The 18-year-old phenom struck out twice and didn't see any action in the field Monday as the Nationals beat the New York Mets 9-3 in their spring training opener. But the top pick in last year's amateur draft cleared a hurdle with his first two at-bats against big league competition.

"I felt really comfortable out there," Harper said. "I might have felt a little too comfortable, so I'm going to go out there tomorrow and the next day and try to get a few base hits and see what happens.

"It's like I feel way too strong," he added. "I feel way too quick. I feel like I can turn over a 150 mph fastball. I felt really good. I just need to stay back on my back side a little more and try to hit it over the third baseman's head."

Harper entered as a pinch runner for designated hitter Matt Stairs in the fifth inning and finally got a plate appearance in the seventh. Harper fouled off the first pitch from lefty Taylor Tankersley, then swung and missed on the next two.

In the top of the ninth, Harper struck out on four pitches against right-hander Ryota Igarashi.

When Harper went up to the plate for his first at-bat, the Nationals already had a 7-3 lead.

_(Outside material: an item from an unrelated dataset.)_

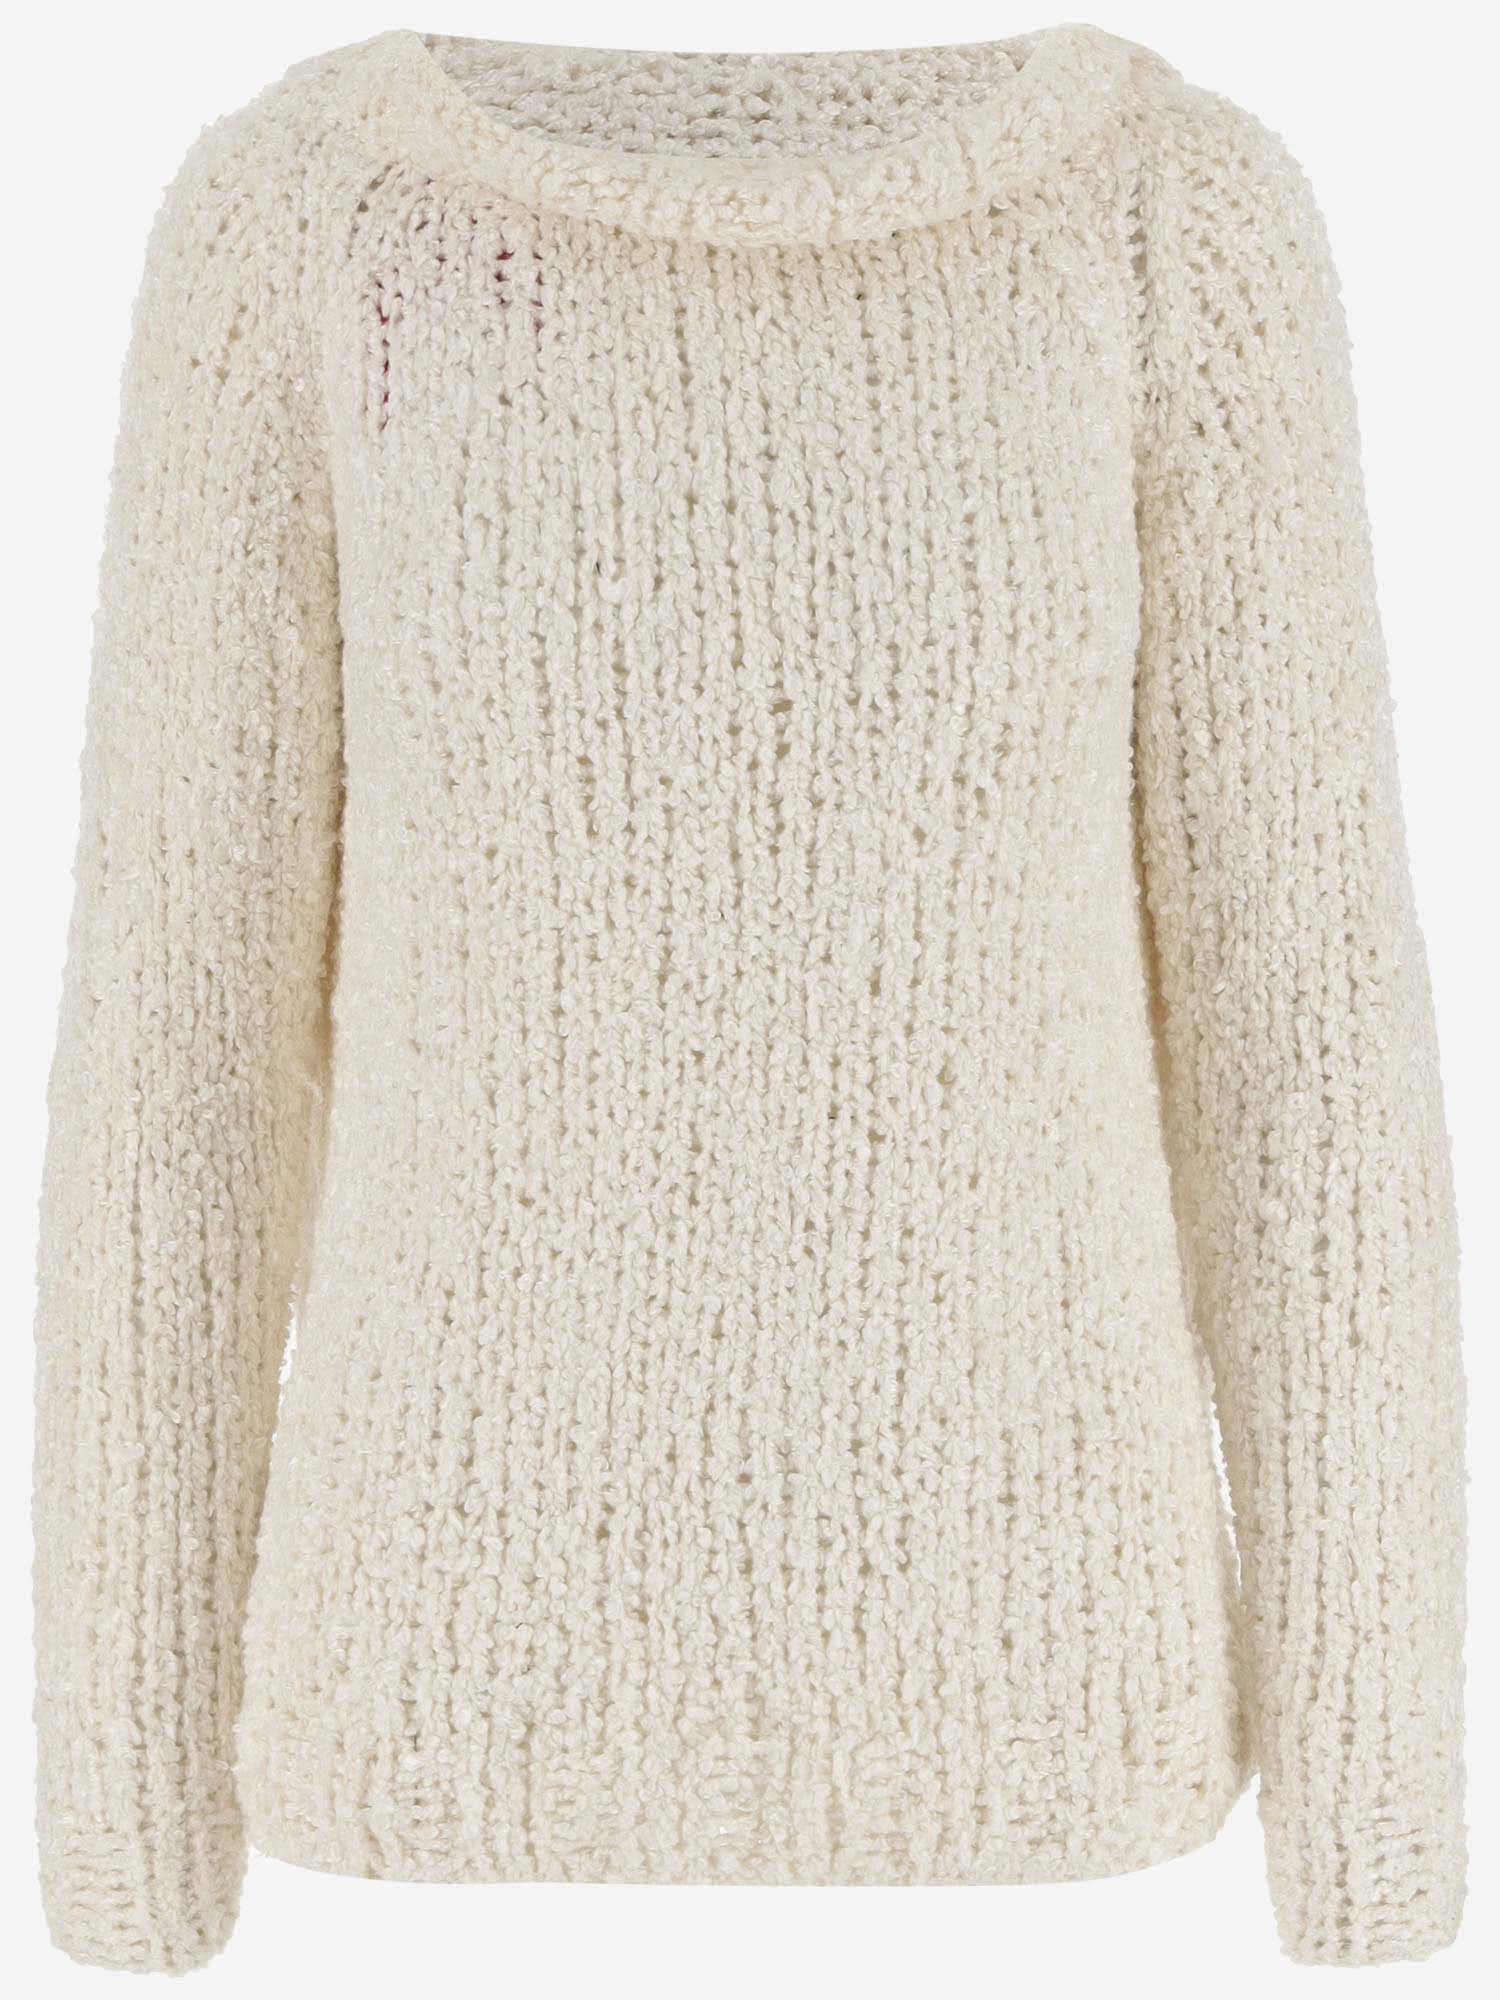 Wild Cashmere Silk Sweater In Ivory

"I wasn't nervous," Harper said. "After seeing everybody go up there swinging, getting their swings in and stuff, that's what I wanted to do. I wanted to go up there and get my hacks in, and that's just me. I don't like taking it, so I'm going to go up there swinging."

Washington manager Jim Riggleman said he had hoped Harper's first at-bat would come against a right-hander, but he was glad the young catcher-turned-outfielder could see both types of pitchers.

"I felt the pitches were really tough," Riggleman said. "I'm sure he was nervous, but he was aggressive. He was really hacking at it."

Harper said he is under the impression he will be in major league camp for only a couple more games, but he thinks any experience getting live at-bats against major league pitching will benefit him as he tries to make his way to the big leagues.

The left-handed hitting slugger is slated to start the season in low Class-A Hagerstown but is looking for a quick rise through the farm system.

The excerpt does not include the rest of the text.